Netanyahu’s political jockeying with Abbas broke the taboo that the Likud would never rely on the Joint List to create or prop up the government (granted, Ra’am is just on the party’s factions), and Abbas’s unabashed political footsie with Netanyahu made it clear in the Arab sector that dealing with the Likud was no longer beyond the Pale.
In an interview last month, Abbas said he would not rule out sitting in a government led by Netanyahu, and that the Left has not delivered for the Arab sector. While Netanyahu’s dealing with Abbas gave a stamp of approval to work with the Arab parties to form a coalition, Abbas’s working with Netanyahu gave a stamp of approval for Arabs to cooperate with the Likud.
And this is the latest link in a chain triggered by the peace accord with the United Arab Emirates: If the UAE could deal with Netanyahu, Mansour reasoned, so could his faction, and if Ra’am can consider sitting with the Likud, then Arab-Israelis could consider voting for it.
Those Arabs who voted last time for Blue and White, according to Makladeh, were disenchanted with the Israeli Center-Left because of Blue and White’s decision to form a coalition with Netanyahu, even though they said they would not. There was a feeling among those who voted for Blue and White that since it went into a coalition with Netanyahu anyway, they should just cut out the middleman, vote for Netanyahu directly and then perhaps get something in return, Makladeh said.
And there is definitely something to that logic. Is the Arab sector – not the Palestinian cause, but rather the Israeli-Arab sector – better served in terms of attention and focus by being inside the frameworks of power or always left outside them, partly because of their own political choices?
The agreements with the Arab countries have also opened up opportunities for the Likud to drive a wedge between Arabs who stand to benefit from the agreements and the Joint List, which voted against them in the Knesset.
Polls have shown that the Joint List’s vote against the accords was out of step with the will of its constituency, which strongly favored the accords. A Tel Aviv University poll in December found that 62% of Israeli Arabs supported them.
The Israeli-Arab public has made clear that it is in favor of the accord because it brings them economic benefits. More trade with the UAE, more UAE investors coming to Israel, and Israeli companies going to the UAE, means more opportunities for Israeli Arabs who will be seen as the logical middlemen.
Netanyahu is well aware of the attraction the accords have for Israeli Arabs. In his appearance at Umm el-Fahm, he said being able to travel to Dubai was one of the reasons to take the vaccine.
“It is important to me that the Arab public get vaccinated quickly,” he said. “This saves lives.

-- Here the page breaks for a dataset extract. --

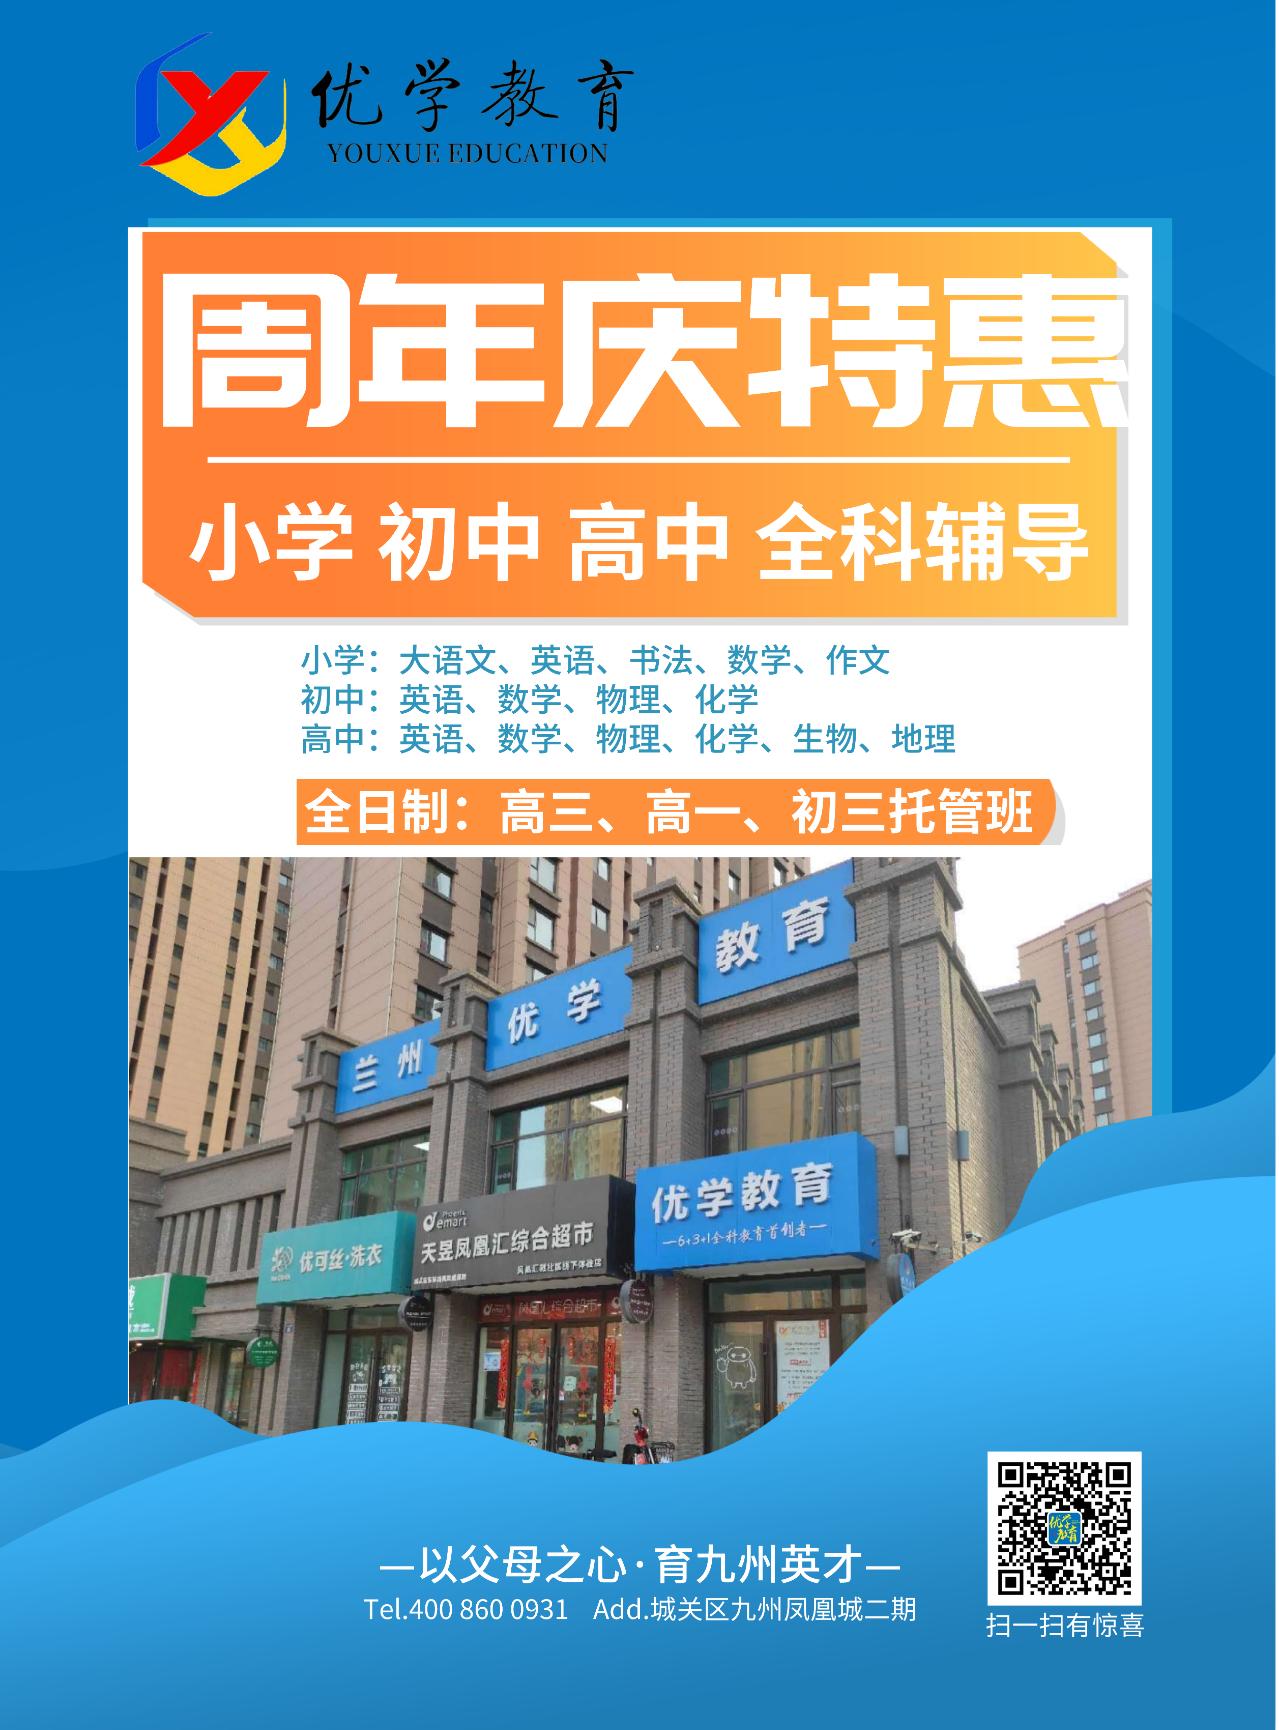 蘭州初中文化課輔導機構
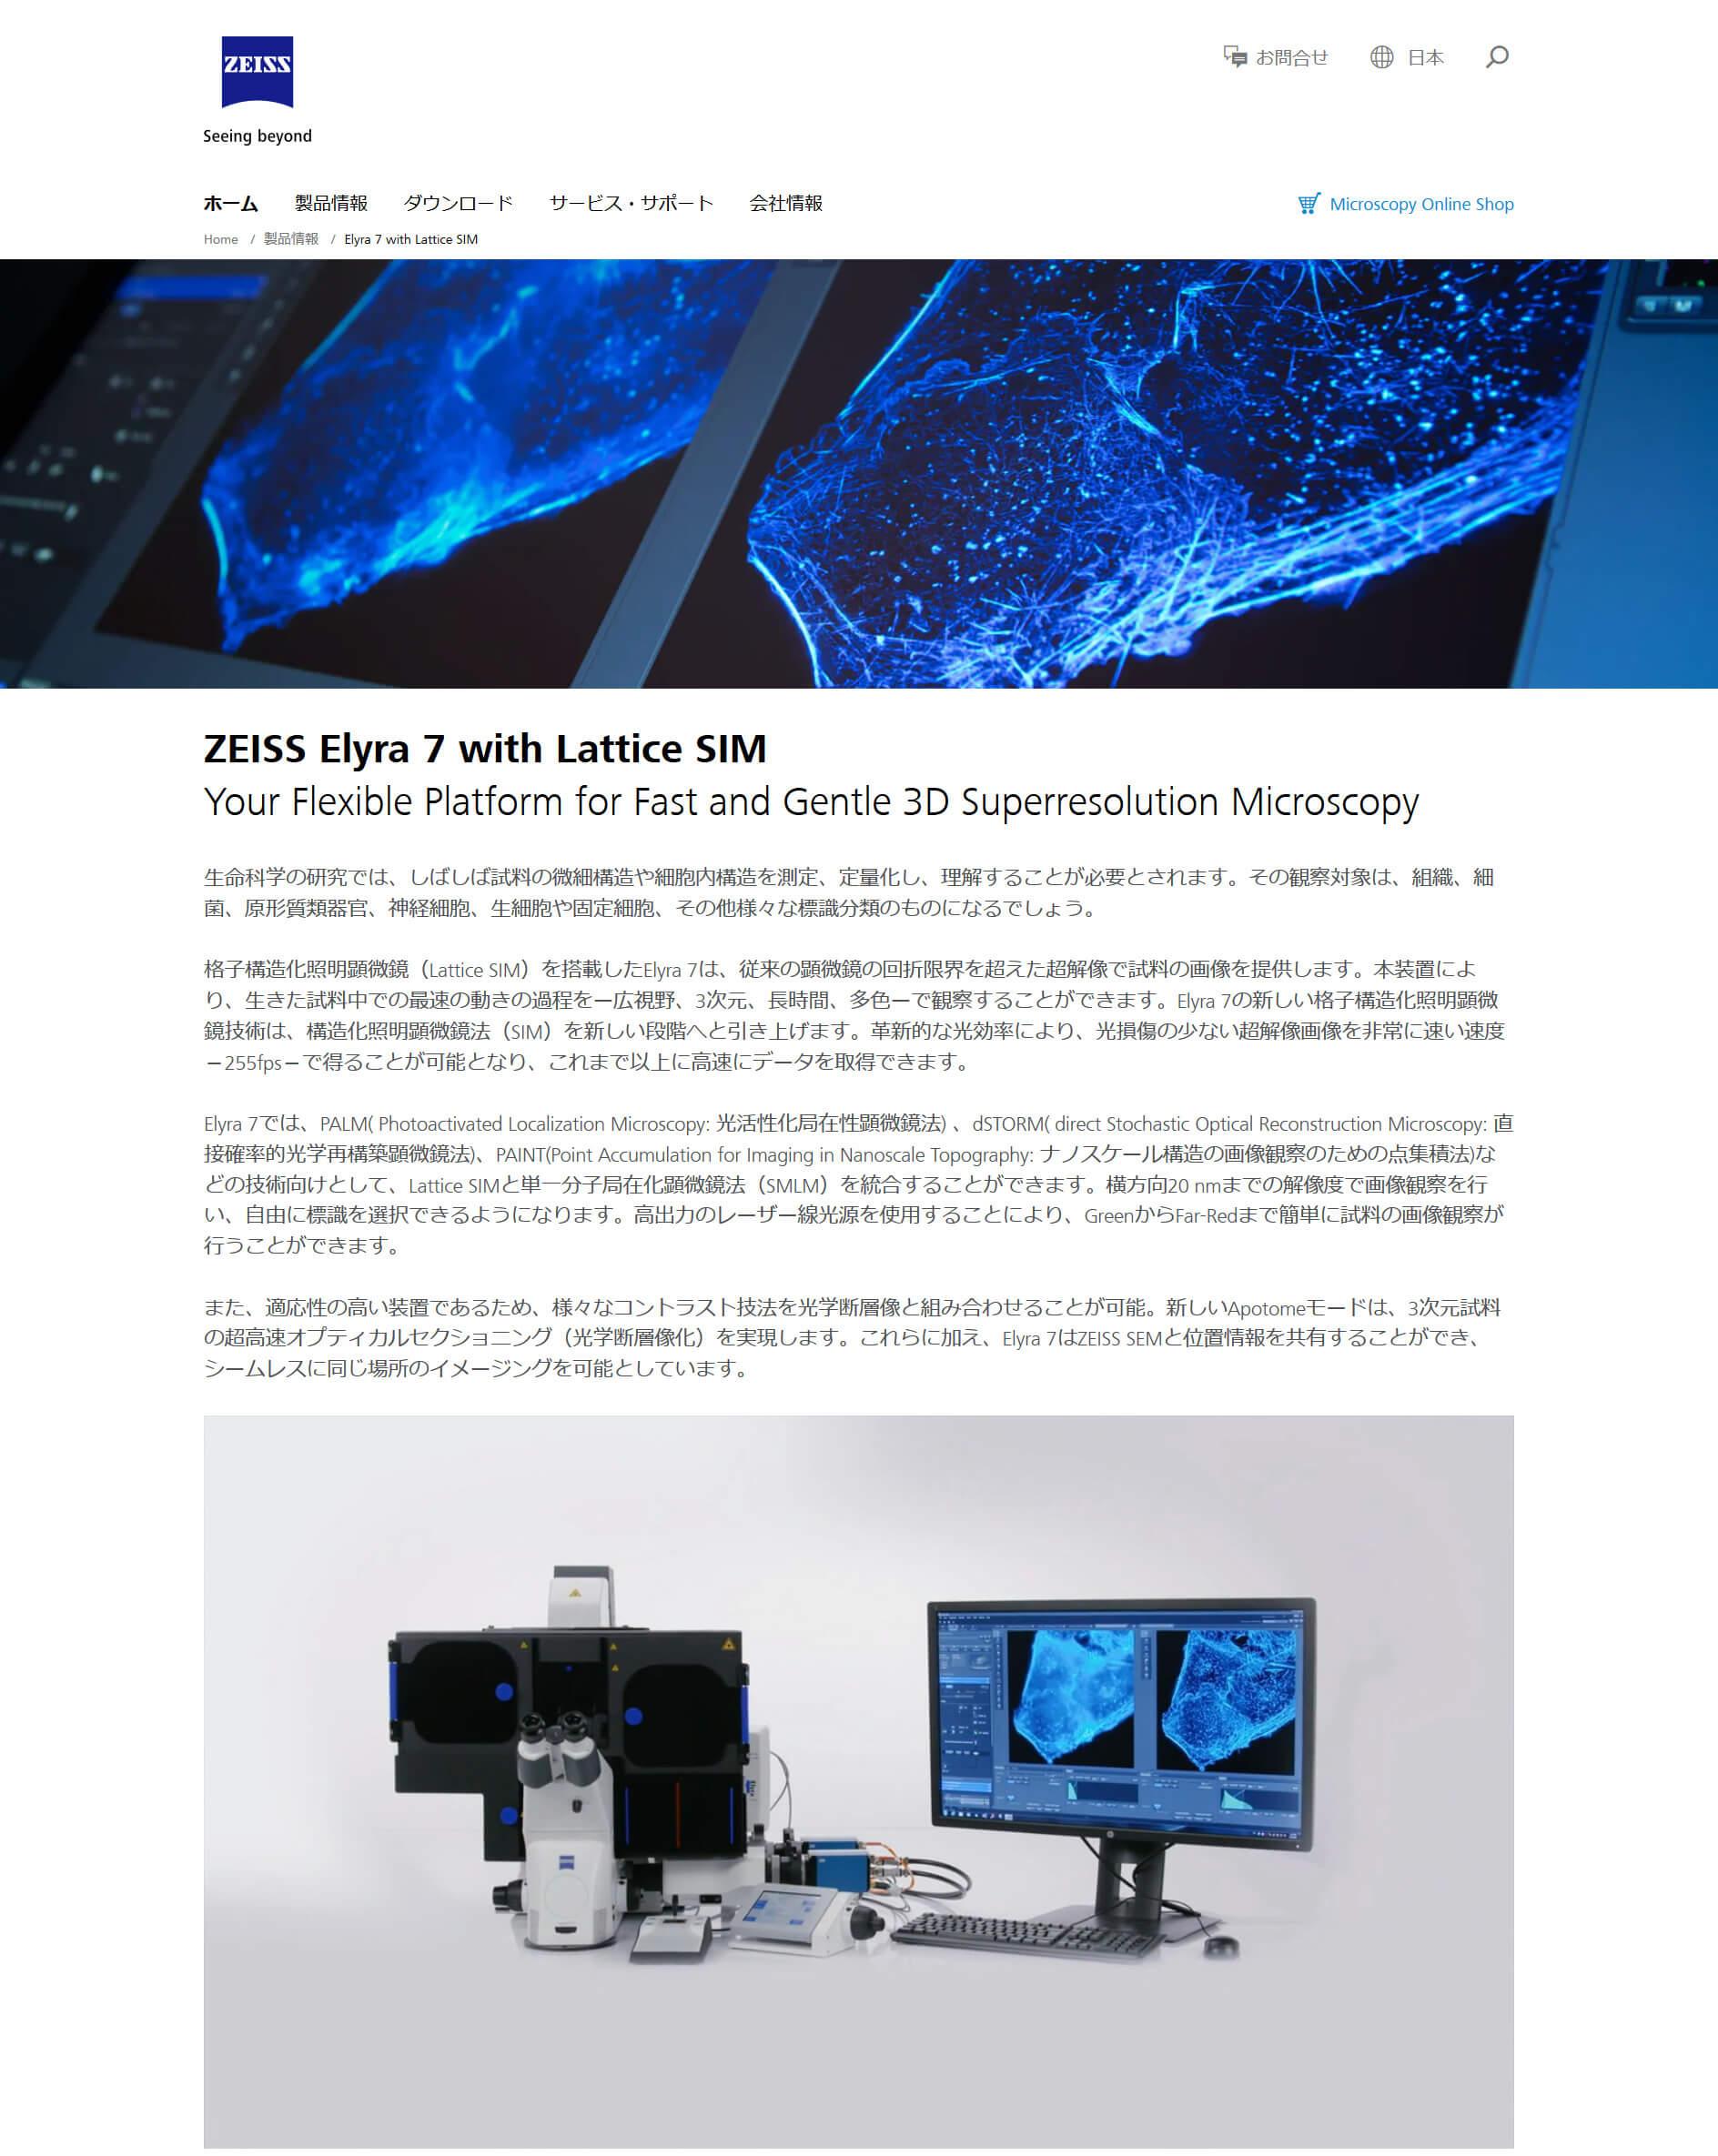 3D超解像顕微鏡システム ELYRA

When we reach a critical mass of vaccinations, it will be possible to open businesses, stores, restaurants, do business and tour in Abu Dhabi and Bahrain. All that is possible.”
The Abraham Accords are something Netanyahu will stress in his pitch to the Arab street because the accords enjoy popularity there. His pitch may only resonate with a minority, but if that minority accounts for two seats, then it is definitely worth his while.